We just have too many holidays. Don’t get me wrong. I am not a workaholic reformer who shuns fun and frolic and wishes to scrap the few fun and festival holidays we enjoy. Its just that because of State government, Central Government, Bank, and other myriad holidays there is too much disruption in the work routine. Then if you throw in a Congress, BJP, or TDP Bandh, a VIP death, a bank strike, the result is chaos. Not to forget the Election holidays. I am not exaggerating. Take the last 10 days of March for instance. On Saturdays banks work only half days and cheques are not cleared. So we had March 23rd Saturday, followed by 24th Sunday, Moharam on Monday, a strike by some branches of Andhra Bank on the 27th, followed by Good Friday/Holi on 29th, 30th again a Saturday followed by 31st March and April1st which are both bank Holidays.

The saving grace in this is that Good Friday and Holi fell on the same day and RBI ordered the banks to provide customer service on Saturday and Sunday. I am told that banks in the US don’t have any special holidays where services are closed to customers and hear this -Good Friday is not one of the observed holidays in the US! I am also told that colleges in America don’t have any declared religious holidays. They just have midterm breaks, semester breaks and then summer holidays. Thanksgiving is the only long weekend (our Sankranti).

Three months into the New Year, we already had three unscheduled holidays in 2002. January 22nd was election holiday, and the day Speaker Balayogi died and on his funeral day. This is apart from the declared five religious holidays so far.

It’s not just holidays that bother many of us. It’s the general work culture. For a tropical country we start work very late in the morning. Again its not that we are late risers. We wake up very early in the morning, discuss the problems of the entire world and country and then leisurely get ready to go to work. Maybe one of the major problems of the country would be solved if we discussed less and worked more. In the Western countries where the weather is unbearably cold and snow is a big problem and there is very little daylight, offices start work at 8.00am. and people leave by 6.30-7.00 and quite a few leave earlier than that. And here in India with bright light from 5.00am our work day begins only at 10.00am or later!

A few years ago I spent 15 days in the Netherlands. I had to take early morning bus to office. The bus driver was always on time – to the minute. Its not that he lived next door. He had to travel 200kms every morning. Rain or hail, he was always on time, never late and always cheerful. This kind of predictability and professionalism is what makes work a pleasure for everyone. We can then plan work properly and avoid a lot of anxiety and pressure.
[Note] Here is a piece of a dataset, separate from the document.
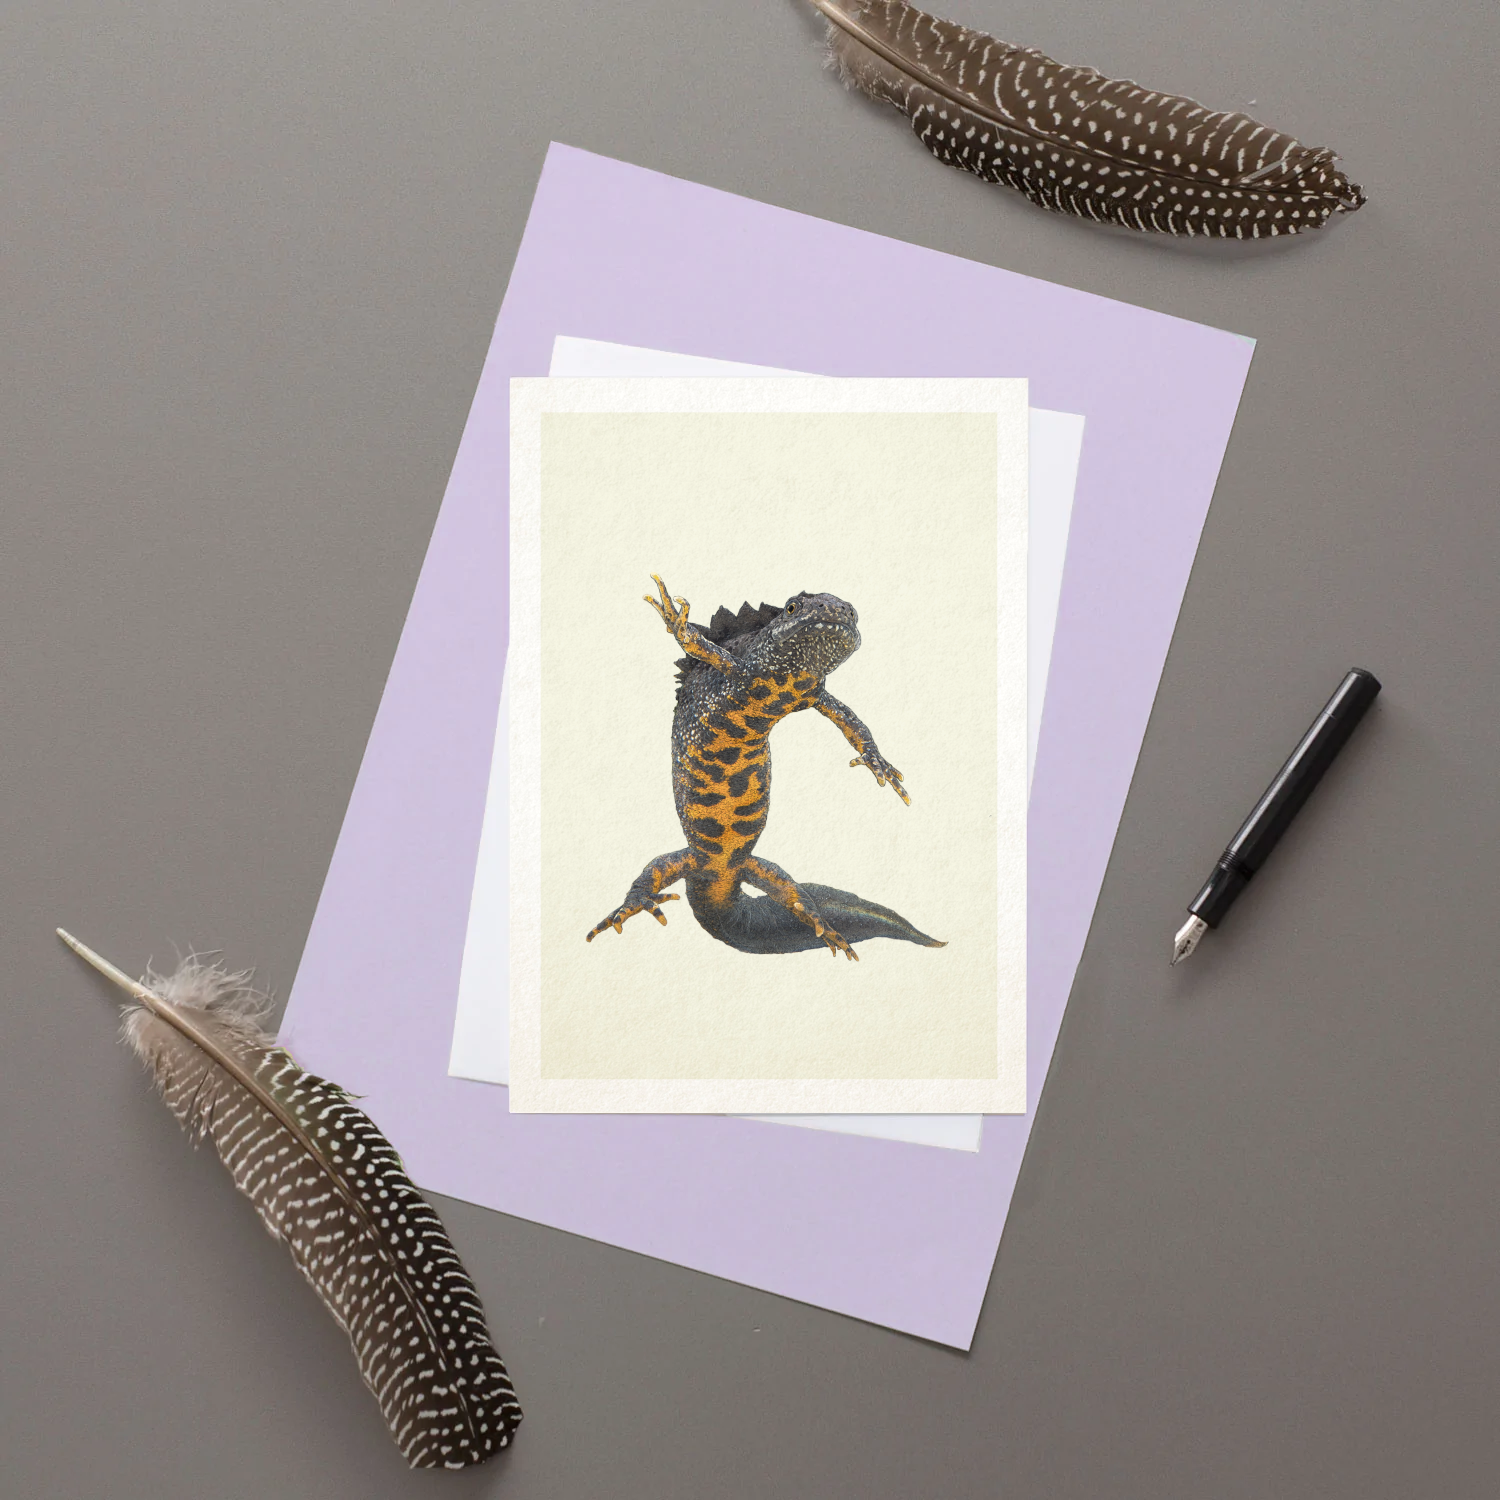 Great Crested Newt - Greeting Card

Whenever a major public figure – present or past – is ill, all that most officials and employees can think of is the holiday declaration in the event of his death! And when employees do come to work, they rarely get to work!

Hyderabad has a double disadvantage – as a State capital and as a laid back city with a languid style. Wealth creation is a function of work, resources, skills and brains. There cannot be economic growth without hard work. Our politicians, for all their faults, do work tirelessly. But much of their work is so unproductive, or even counterproductive, that they do not set an inspiring example. What we need is hard work combined with productivity. Can we make meaningful work itself enjoyable, without having to look forward to a break from work at the drop of a hat?